• Source material:
_ _ _

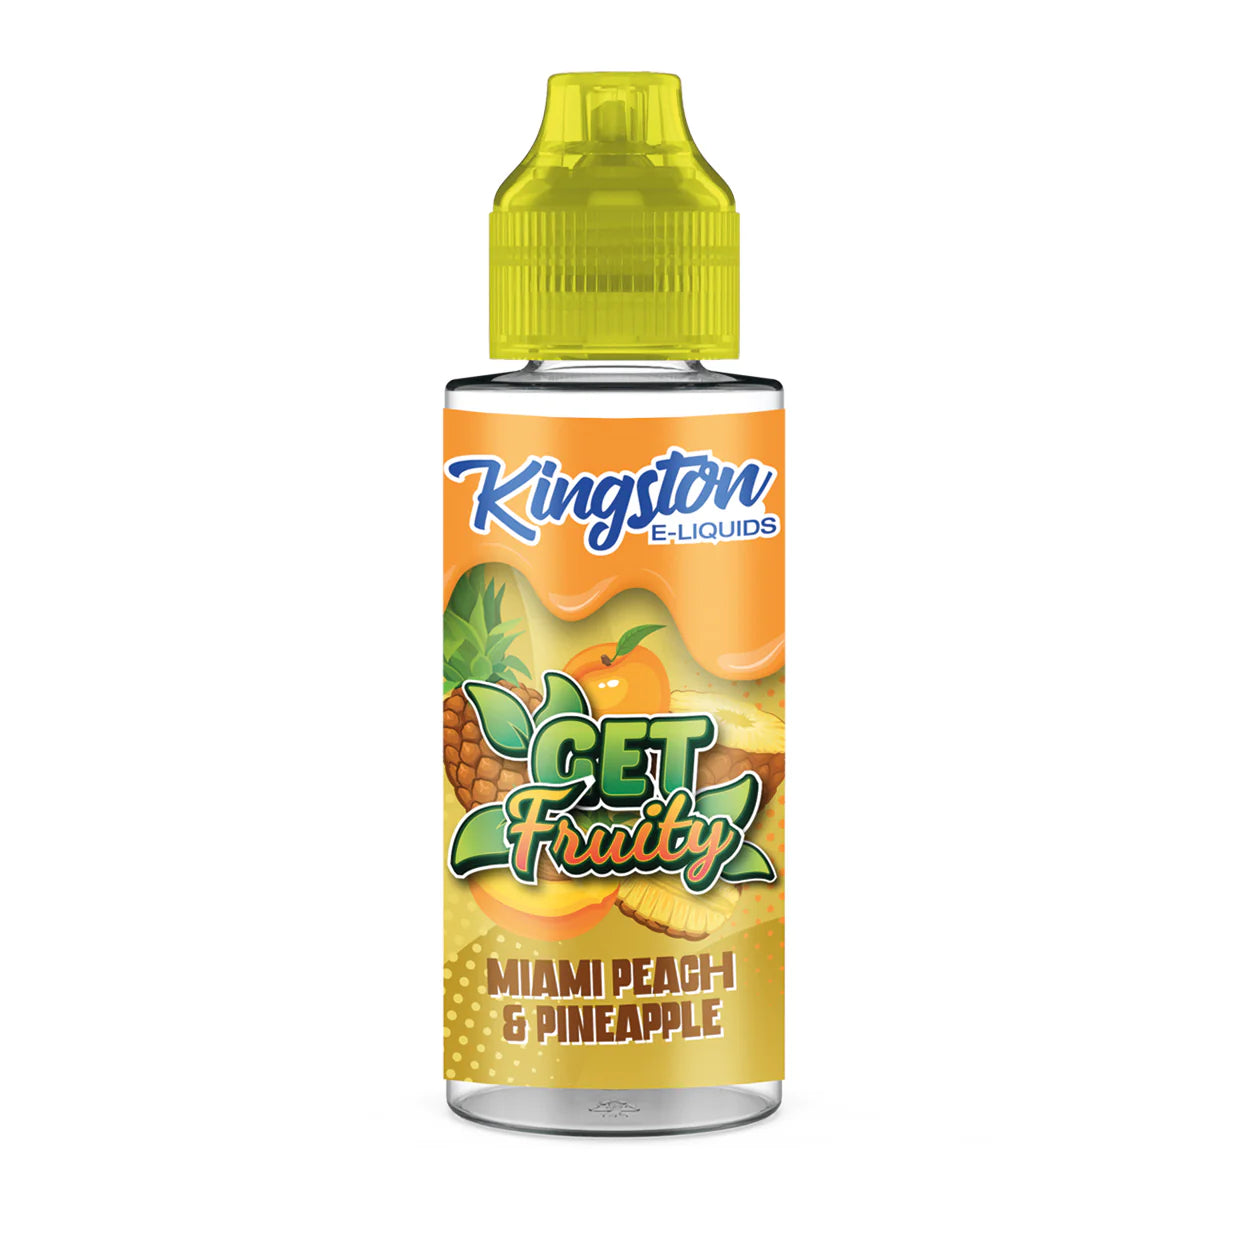 Kingston - Get Fruity - Miami Peach Pineapple - 100ml
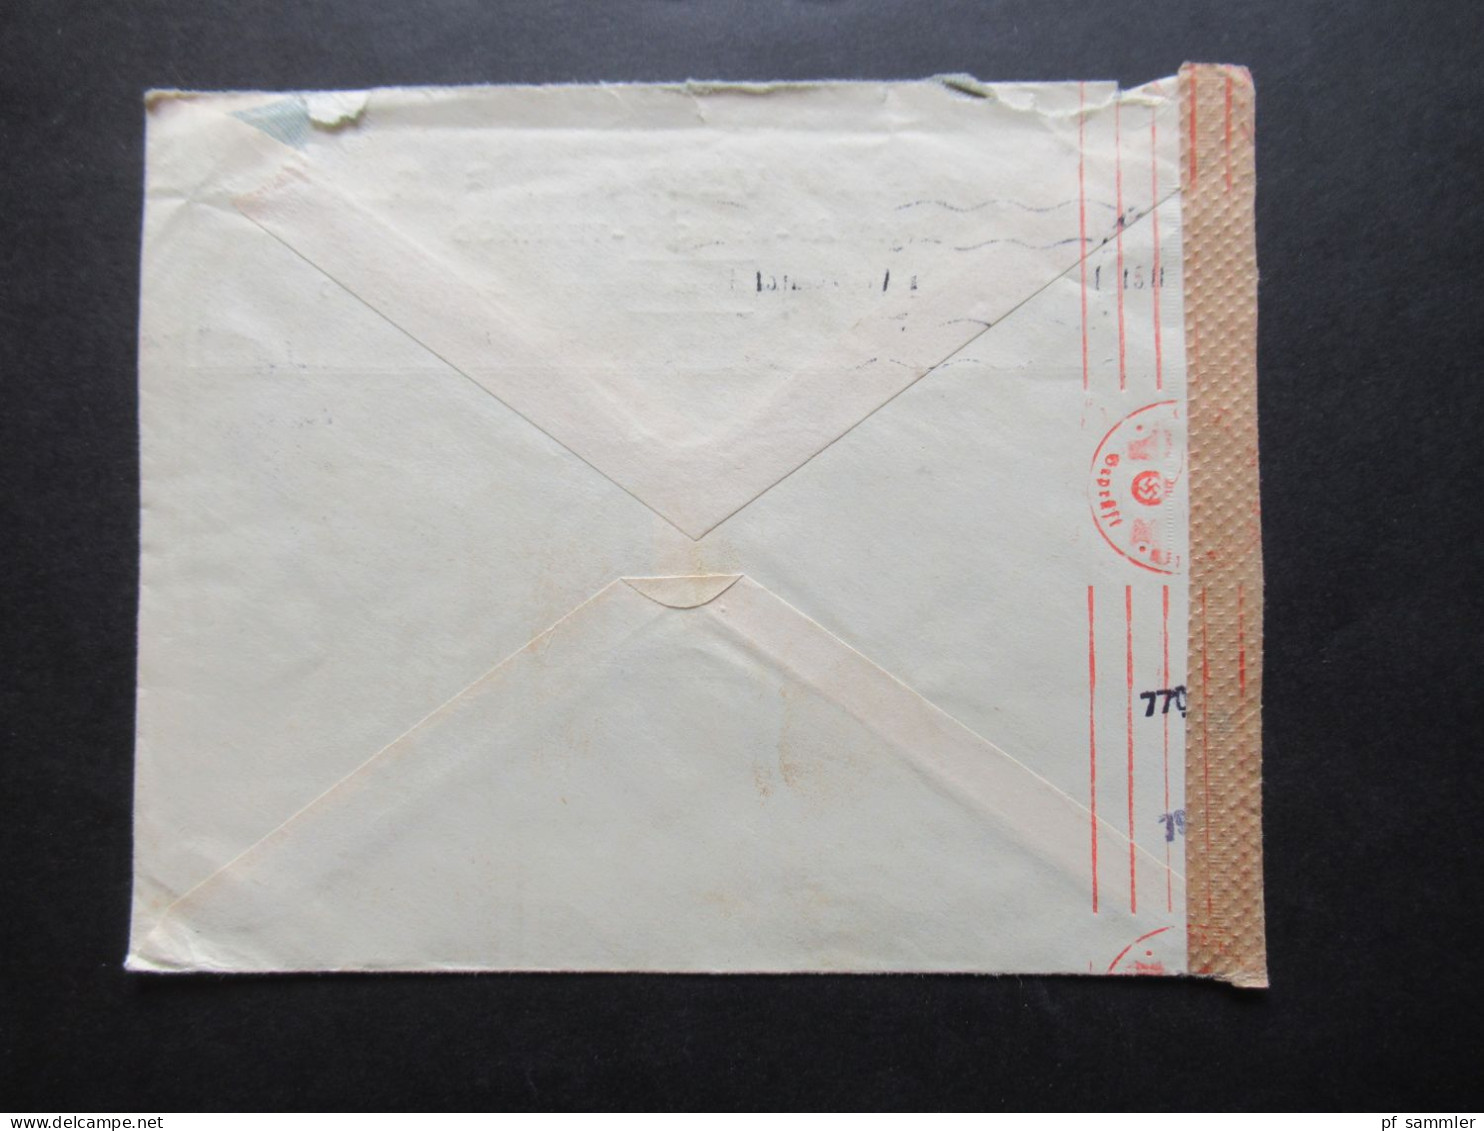 Türkei 1942 Zensurbeleg / Zensurstempel Und Verschlussstreifen Umschlag Ahmet Veli Menger Istanbul - München - Brieven En Documenten
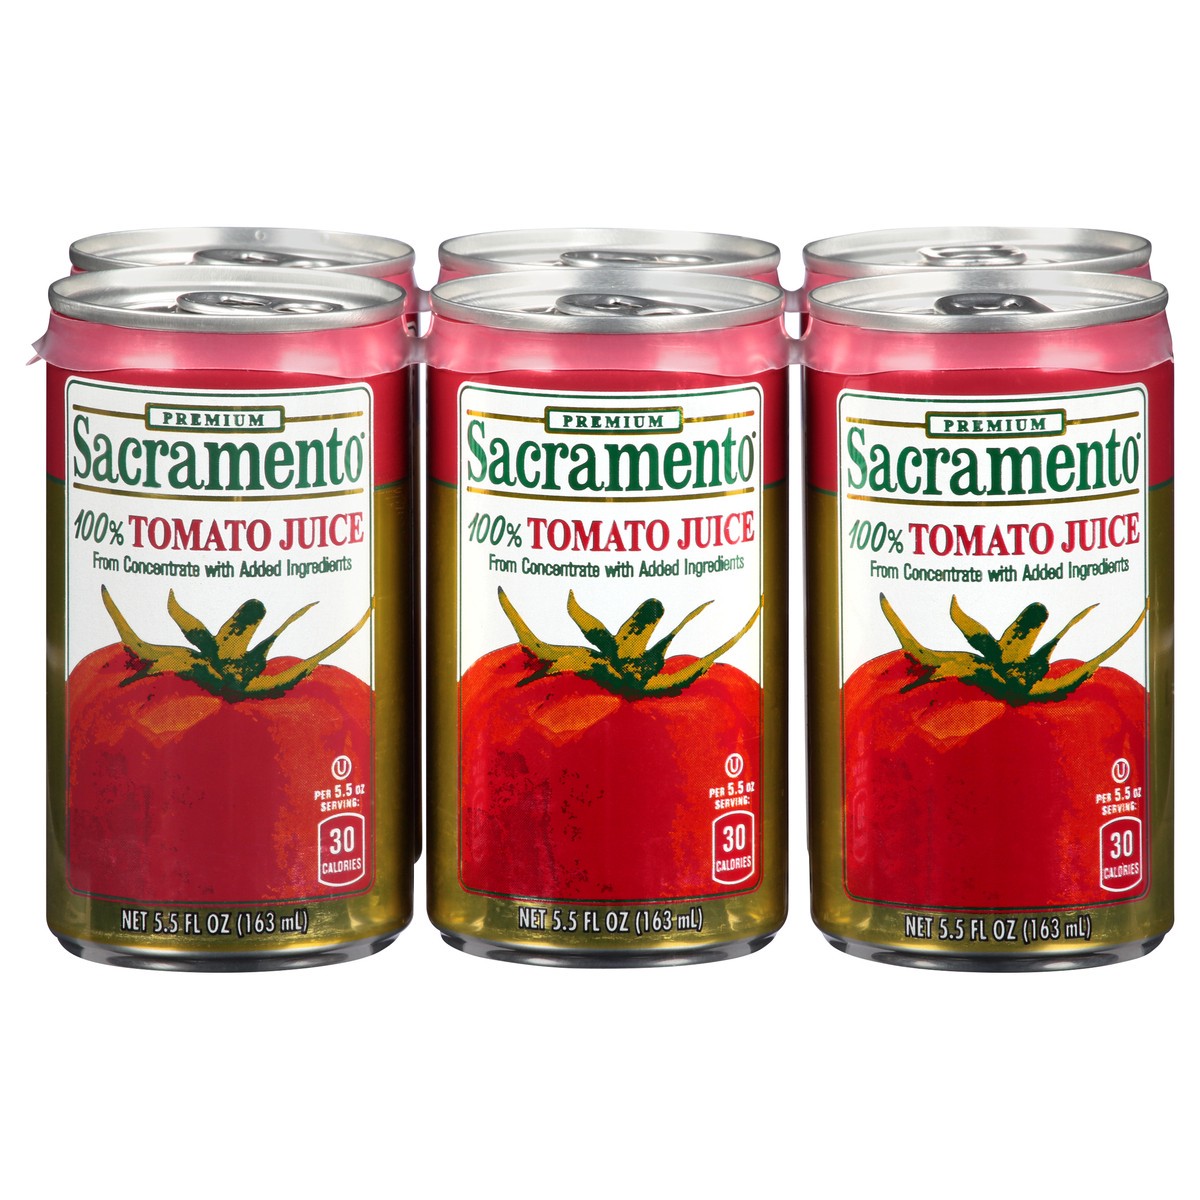 slide 6 of 14, Sacramento Premium 100% Tomato Juice 6-5.5 fl. oz. Cans, 6 ct
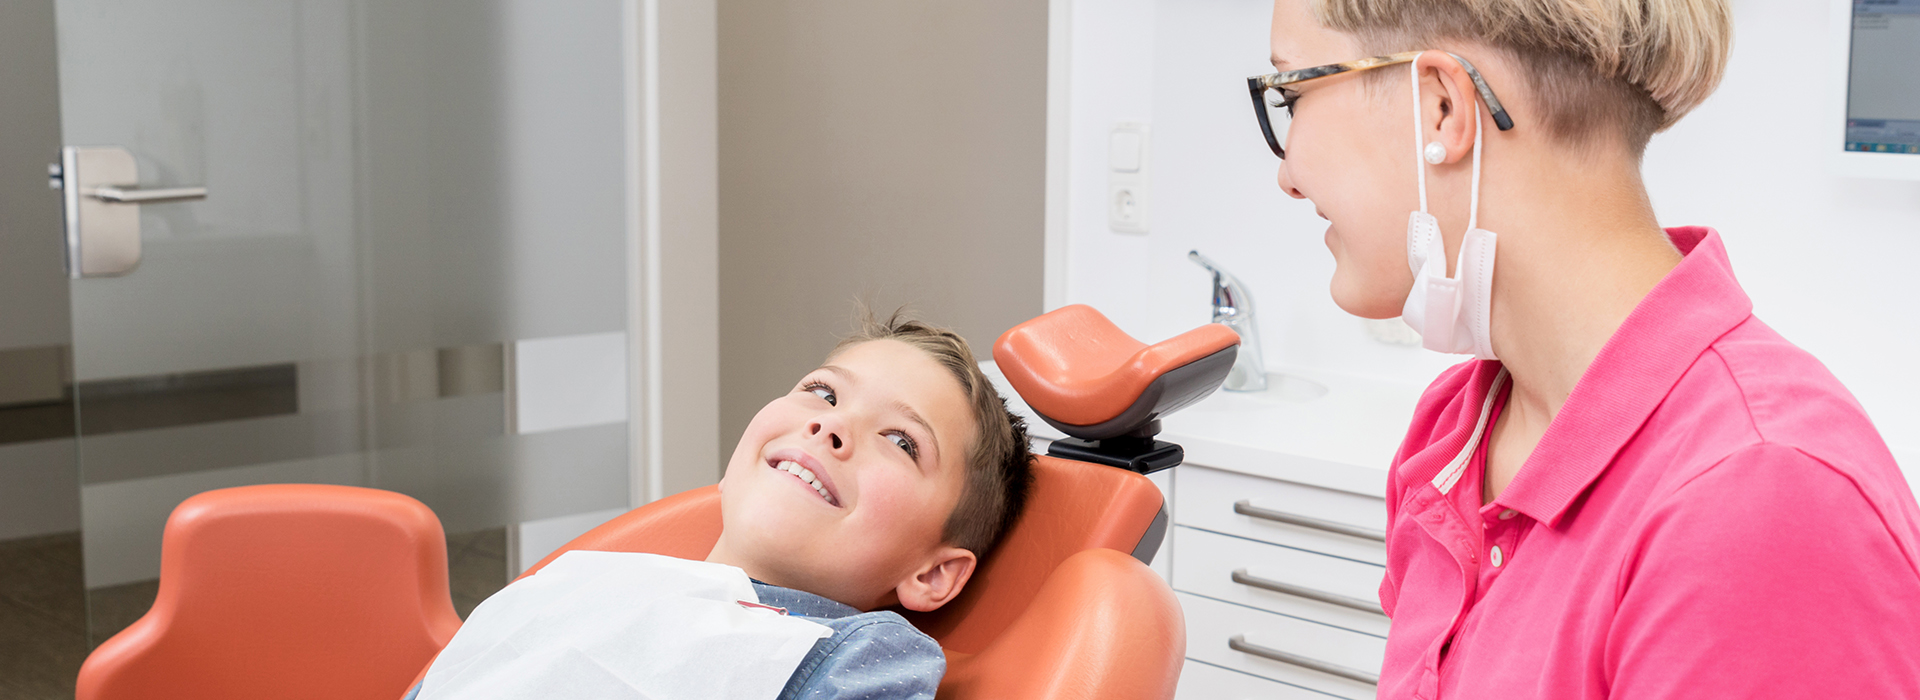 Astoria Modern Family Dental | Preventative Program, Oral Exams and Invisalign reg

_ _ _

• Prompt:
A word-for-word transcription of the listing is needed, minus its images.

• Answer section:
 Kingston - Get Fruity - Miami Peach Pineapple - 100ml
 Türkei 1942 Zensurbeleg / Zensurstempel Und Verschlussstreifen Umschlag Ahmet Veli Menger Istanbul - München - Brieven En Documenten
 slide 6 of 14, Sacramento Premium 100% Tomato Juice 6-5.5 fl. oz. Cans, 6 ct
 Astoria Modern Family Dental | Preventative Program, Oral Exams and Invisalign reg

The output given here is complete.